Leon planted both hands against the concrete lip and pushed himself upright.

His right arm buckled partway through.

He caught himself on the left, got his feet under him, stood. His chest pulled tight on the right side with the first full breath and he cut it short. He stood for a moment and let the shallow breath finish on its own.

The floor sloped slightly toward the center drain. He took a step and felt the slope wrong — expected level, got a slight tilt — and his boot slid a centimeter before catching. The concrete was filmed with something — algae or oil, dark and even. No grip. He shifted his weight forward, slower. The boot held.

Four steps to the ladder on the east wall. The third step found a seam where water pooled and his foot went sideways before he caught it, right arm coming up automatically and then not — not there, not fully — and the wall stopped him instead, shoulder first. He stood there a moment with his forehead almost against the concrete, breathing through it.

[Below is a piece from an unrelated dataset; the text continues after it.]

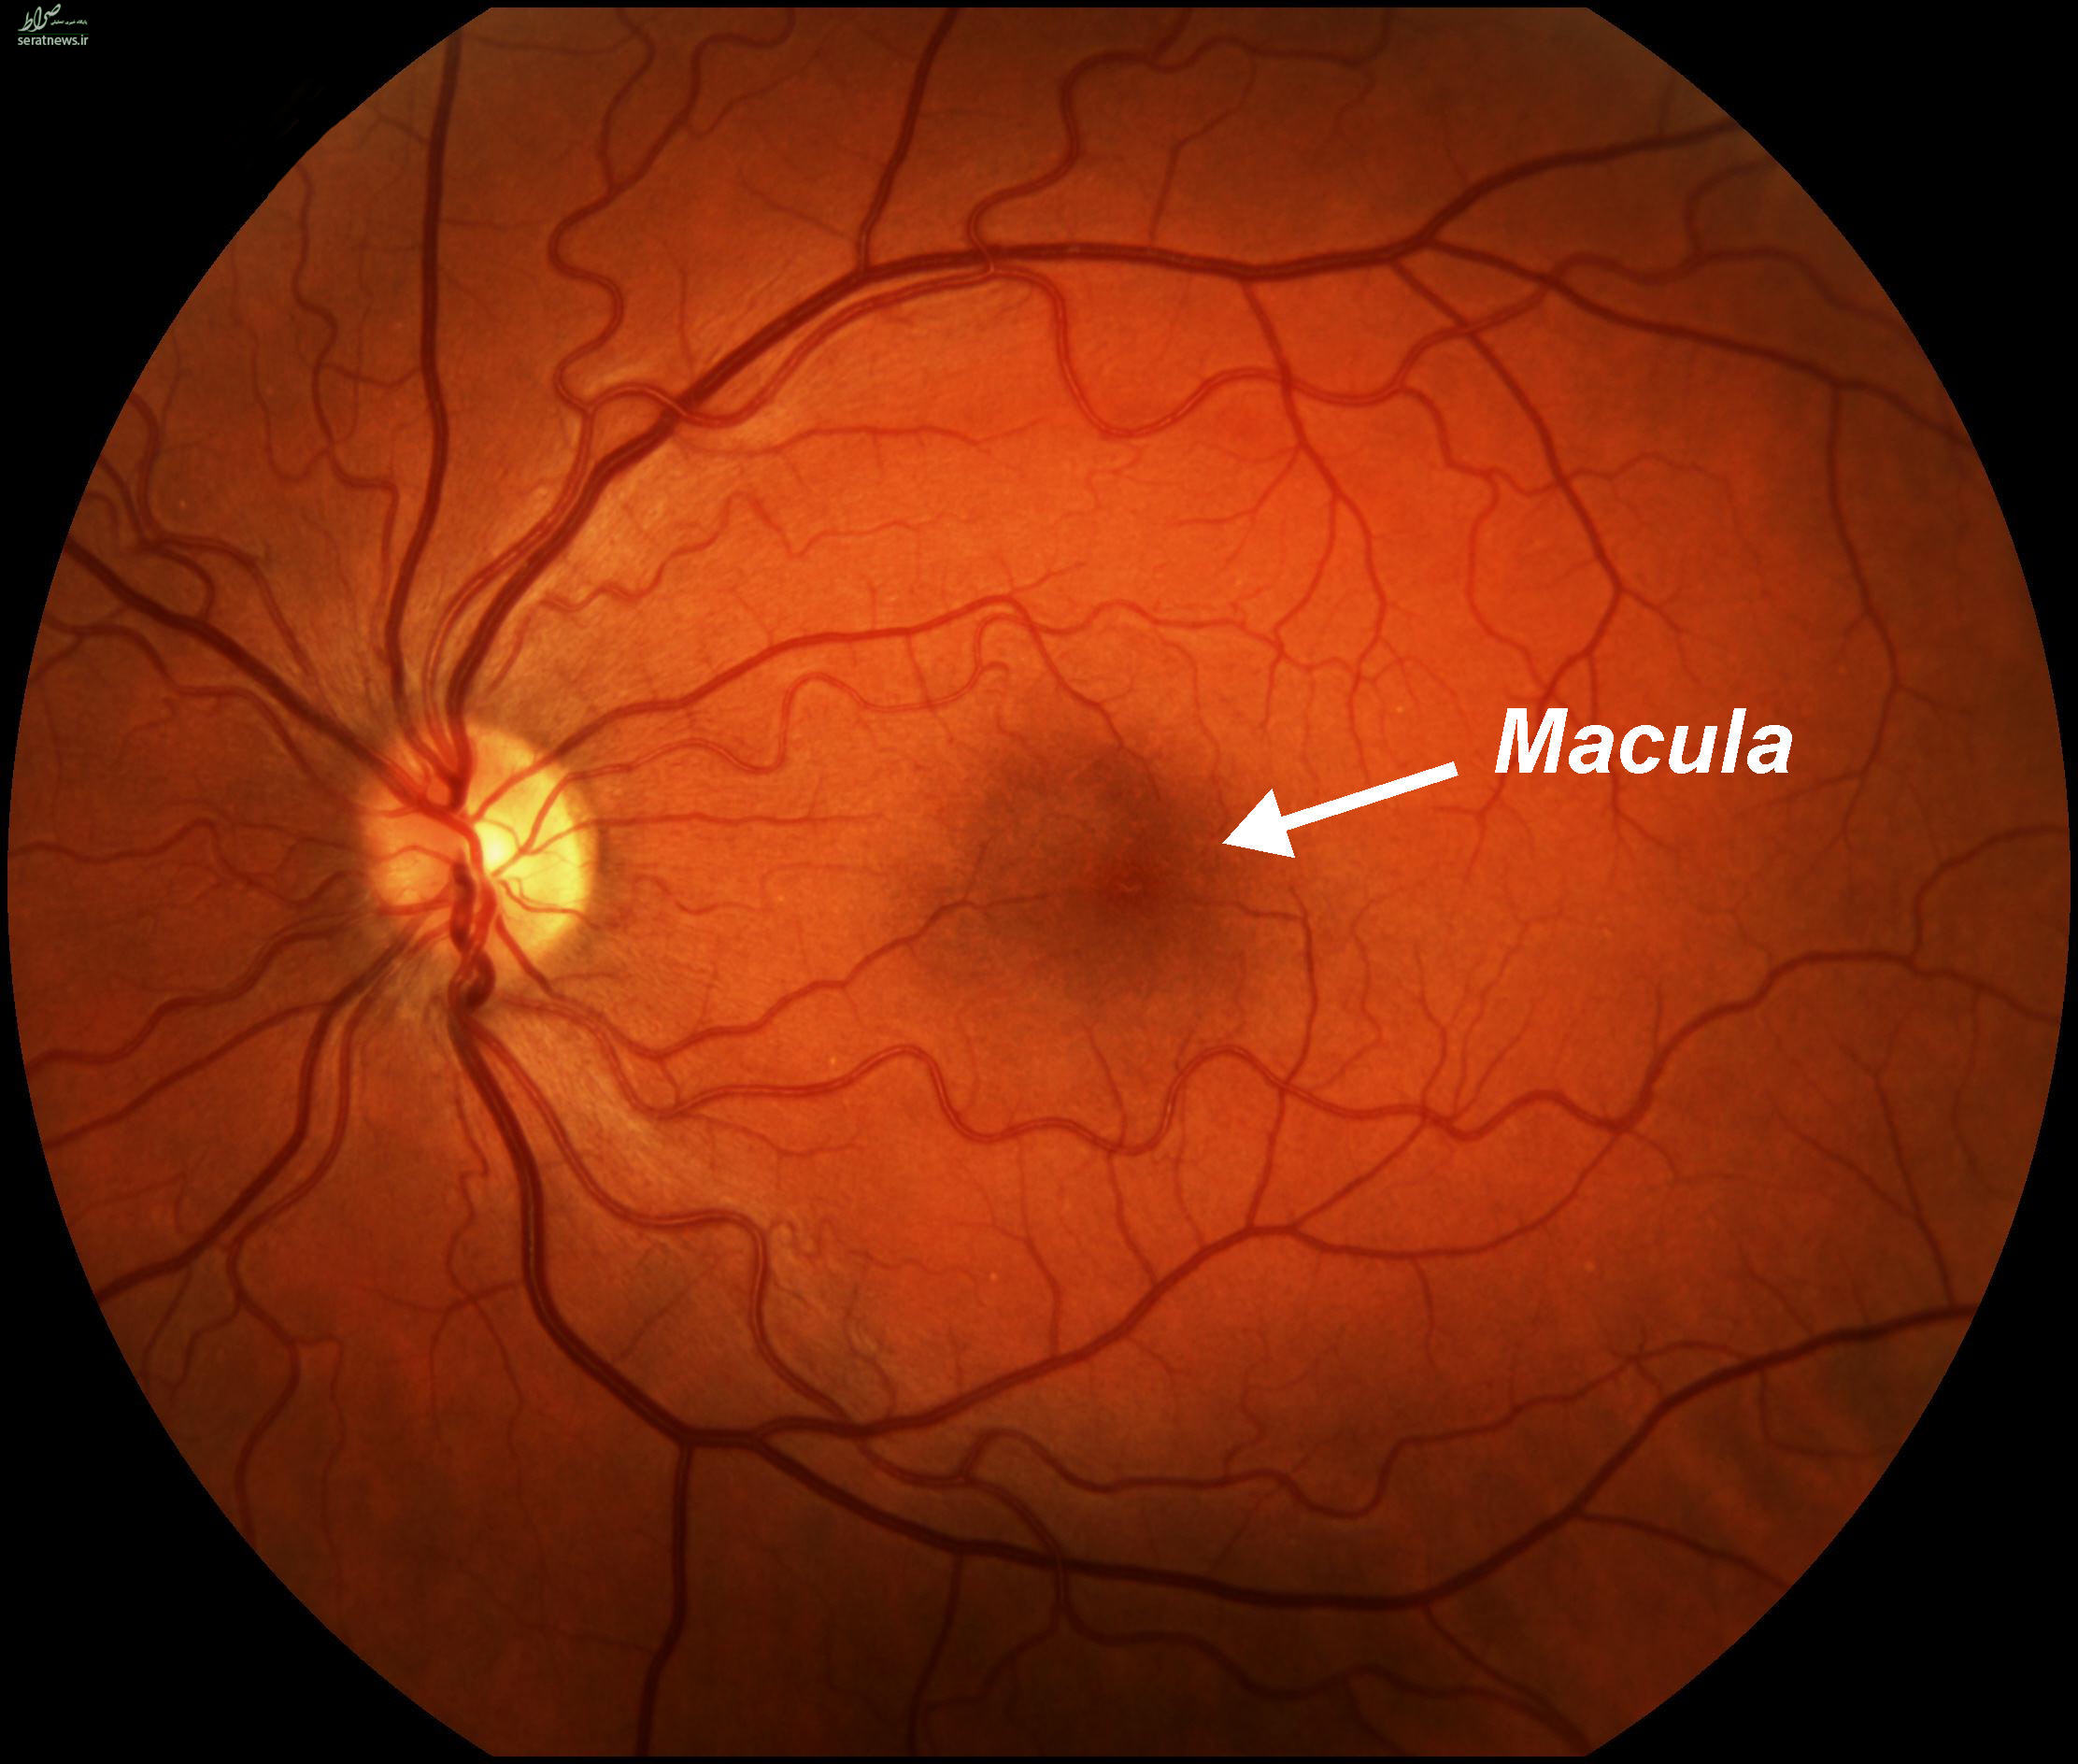 شایع‌ترین بیماری‌های چشمی را بشناسید +تصاویر

The ribs again. Not sharp. Just present. Every inhale measuring against them.

He turned to the ladder.

Eight rungs to the access grate. He put his left hand on the first rung and pulled. The right came up and gripped and the angle through the shoulder sent something immediate and precise down into his chest and he stopped climbing. Let go with the right. Tried again, left doing the work, right just resting against the rung for balance.

Slower. But it moved.

He got four rungs up before he had to stop, ribs compressing under the reach of the left arm, the shallow breathing coming apart just enough that he had to wait. He pressed his forehead against the rung. Cold metal. Wet. He breathed through it in fractions.

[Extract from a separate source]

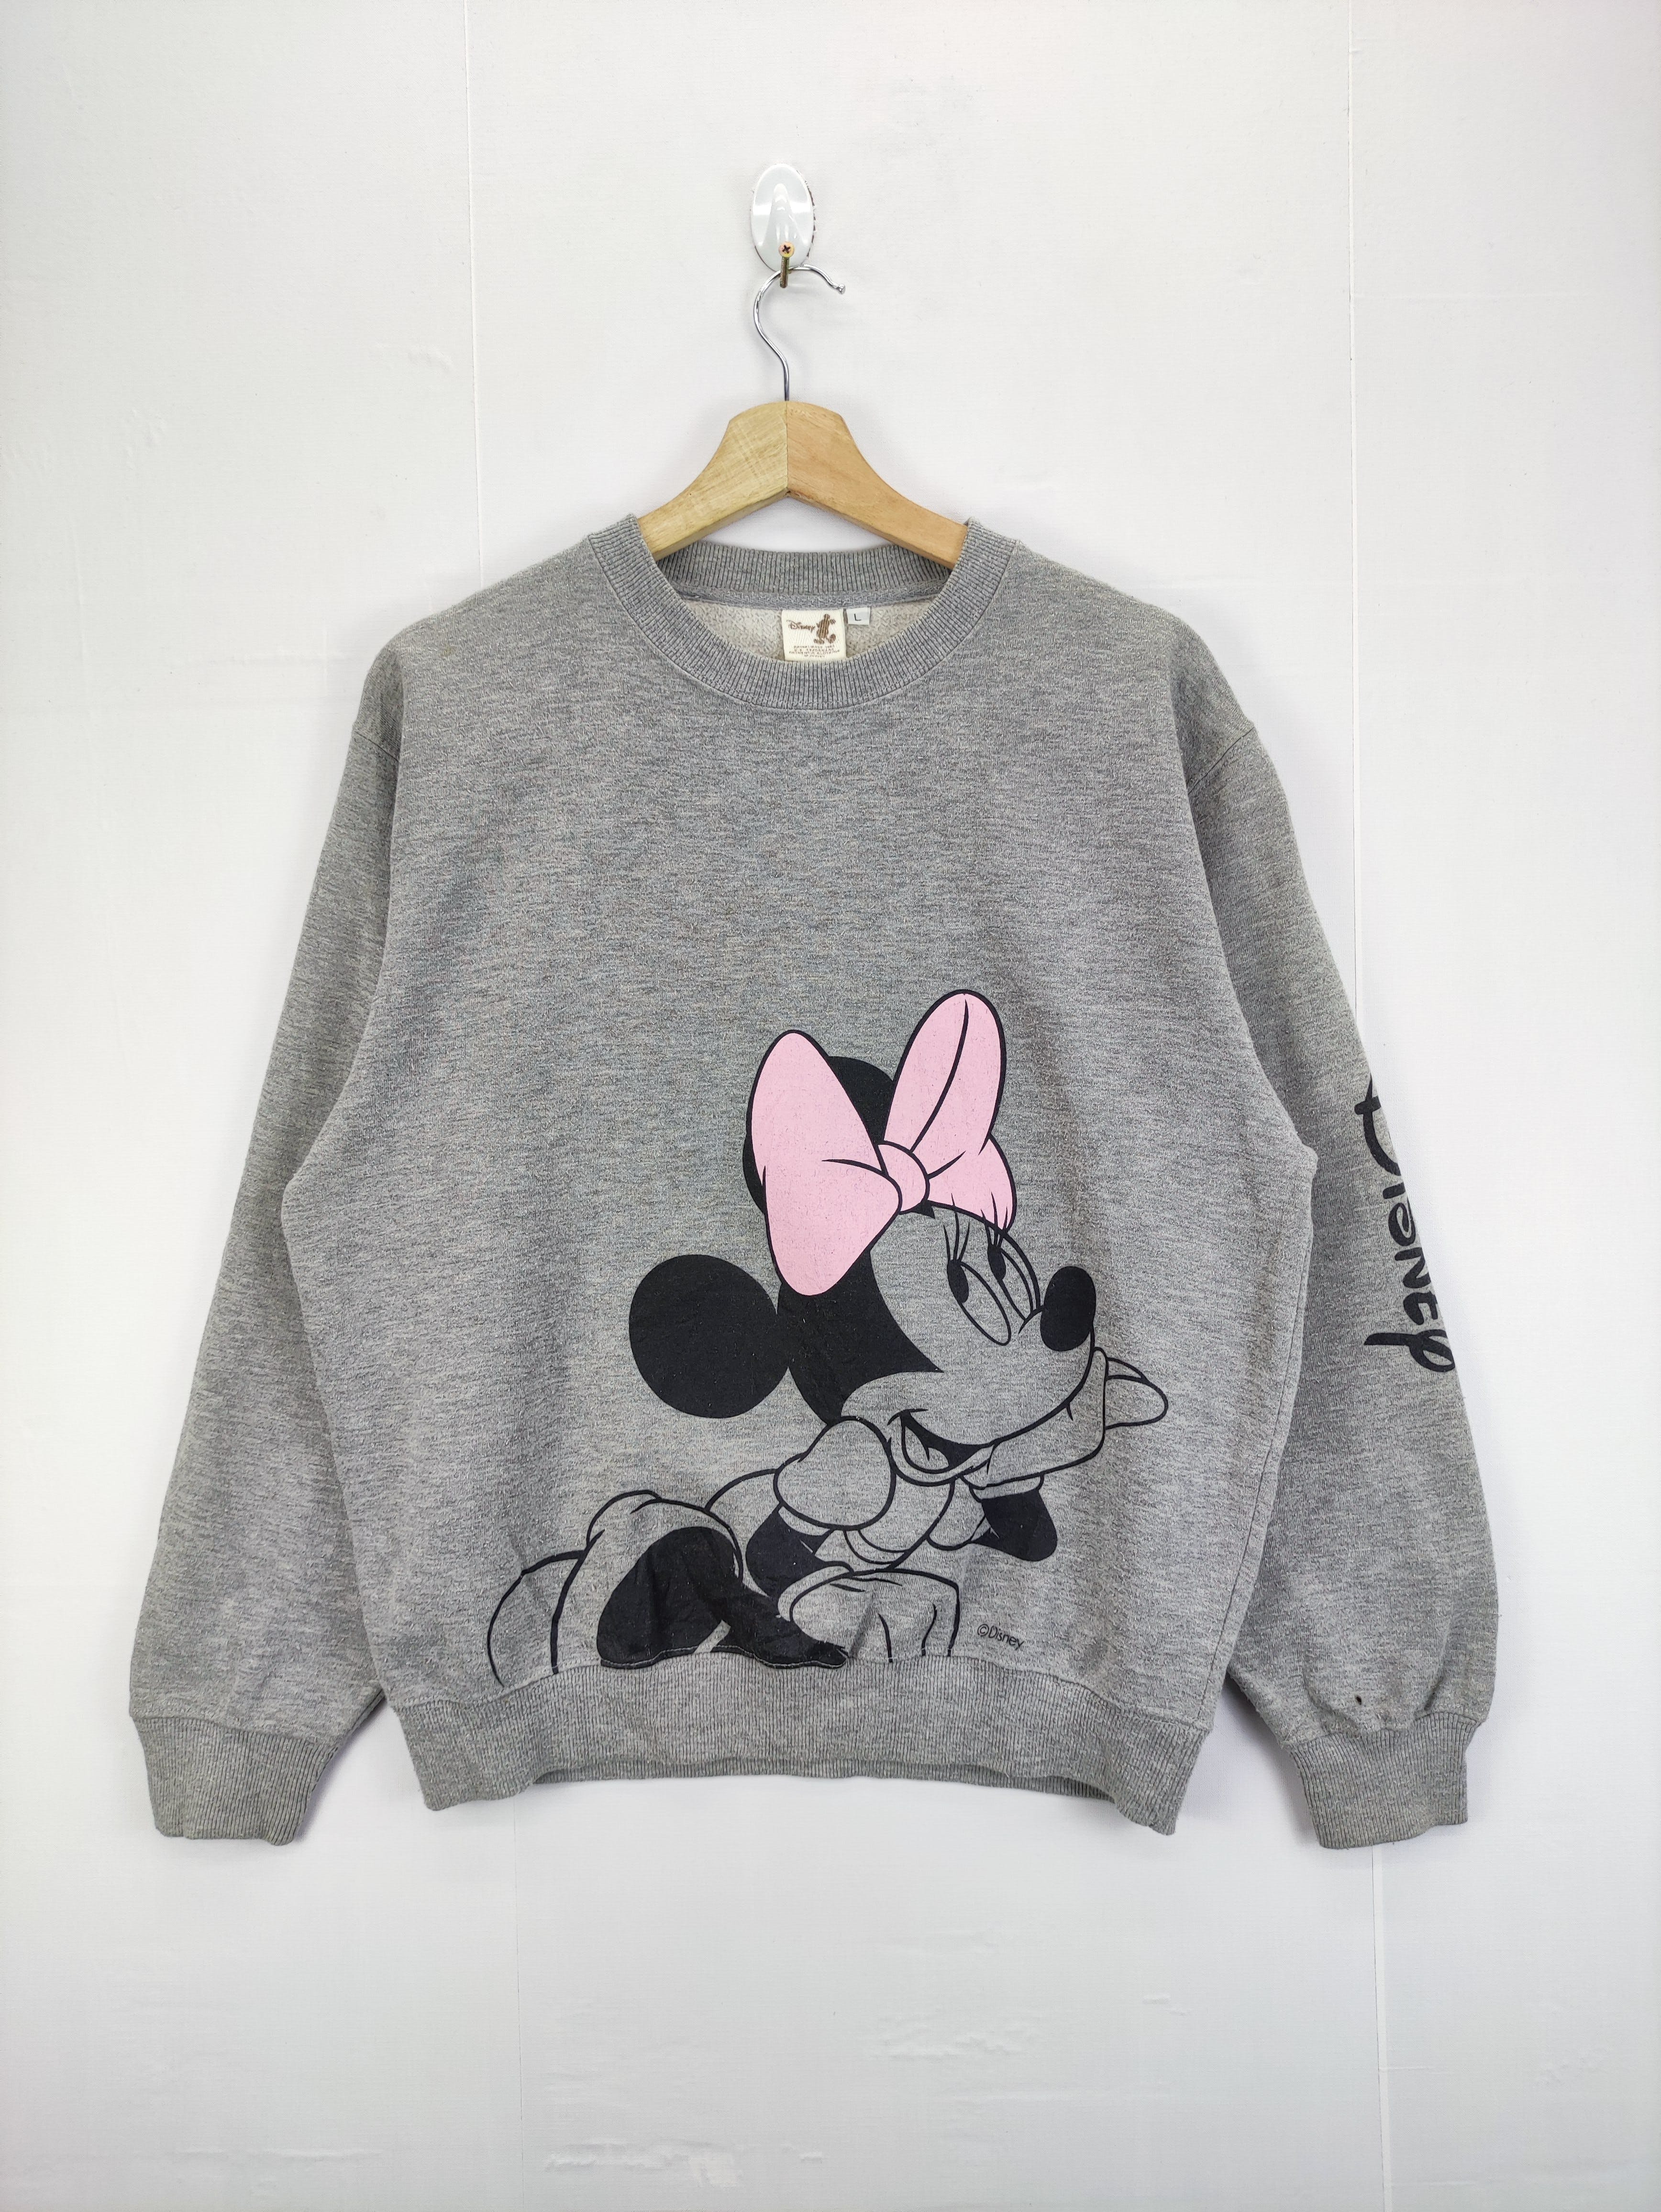 Vintage Minnie Mouse Disney Sweatshirt Big Printed - 1

Below him the water caught the emergency light in long, still lines.

He climbed the rest of it without stopping. At the top he got the grate open on the second push — the first sent the pain through his shoulder and his grip failed. The second was slower and uglier and it worked.

He pulled himself through. Lay flat for two seconds, left arm extended, right at his side, chest moving in short incomplete cycles.

Then he got up. Not smoothly. Not clean. One knee, then the other hand, then the left leg driving while the right steadied — but he got up.

The corridor ahead was dark past the first bend. His shoulder was a constant low complaint and his breathing was still wrong and the floor under him was wet.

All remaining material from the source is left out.